経営に活かしたい先人の知恵…その23
◆人的資本経営実践のススメ◆
中国の古い教えに、「実に恐るべきは民であります。舟を載せ浮かべるのも水であれば、船を転覆させるのも水であるように、君(トップ)を立てるのも君を滅ぼすのも民(組織の構成員)であります」(『貞観政要』・魏徴)、とある。
これは、あらゆる組織に通じる真理と言える。現場で働く人たちの支持を得られなければ、組織の将来はない。それだけに、多くが社員を大切にすると言う。しかし、心の底からそれを実践しているトップはどれぐらいいるのだろうか?以下のドラッカーの指摘は、その真理を突いているように思えてならない。
「あらゆる組織が『人は宝』と言う。ところが、それを行動で示している組織はほとんどない。本気でそう考えている組織はさらにない。ほとんどが、組織が社員を必要としている以上に、社員が組織を必要としていると信じ込んでいる。しかし事実上、すでに組織は製品やサービスと同じように、あるいはそれ以上に、組織への勧誘についてのマーケティングを行わなければならなくなっている。彼らに仕え、満足させなければならない」。
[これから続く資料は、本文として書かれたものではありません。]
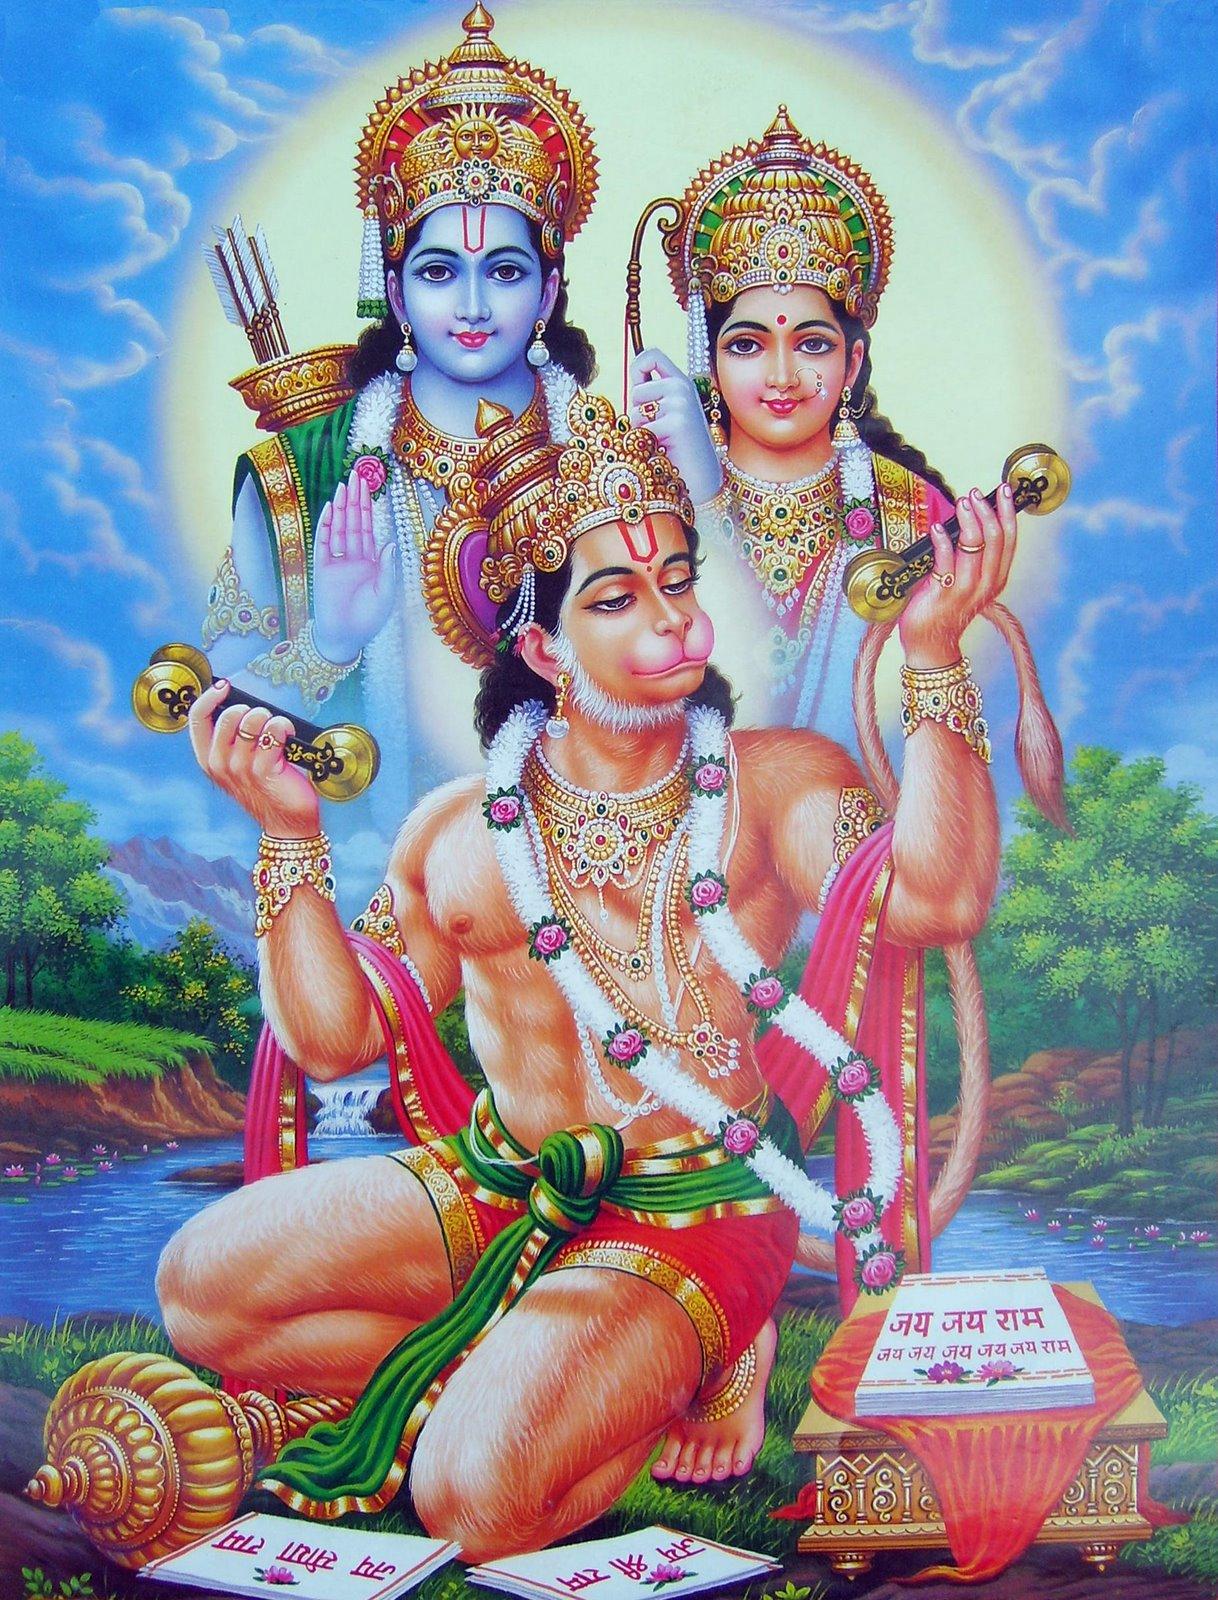 ... wallpapers, beautiful wallpapers, Lord Hanuman photos, Lord Hanuman

ドラッカー以外にも同様の指摘をする人は多い。『フリーダム・インク』の共著者アイザーク・ゲッツとブライアン・カーニーは同著に、「『我が社の社員は最大の財産だと考えている』という経営者は多いが、実際のところ、大半の社員はそんな言葉を一言も信じていない」と書いている。
では、社員にどう対応すればいいのか。参考になるのが、アメリカの政治学者ジェームズ・マグレガー・バーンズの次のアドバイスだ。「リーダーたちに極めて実用的なアドバイスをしよう。人質を人質らしく、王子様を王子様らしく扱うのではなく、すべての人を人間らしく扱うと良い」。
何も大げさに、宝とまで言わなくていい。社員を人間らしく扱えばいいだけのことだ。ところが現状は、宝と言いながら、単なる働き手と考えているとしか思えないケースが多い。
格好の良い言葉はいくらでも口にすることができる。問題は、その言葉通りに実践できているかどうかだ。ドラッカーが言うように「人は宝」というのであれば、本当に人を宝として扱わなければならない。「有言不実行」は、信頼を損ねる一番の要因だろう。口にしたのなら、実行すべきだということだ。
最近は、人材を資本として捉え、その価値を最大限に引き出すことで、企業価値向上につなげる経営、すなわち「人的資本経営」の必要性が説かれているが、これを文字通りに実践することで、日本企業の生産性を高めて欲しいと願っている。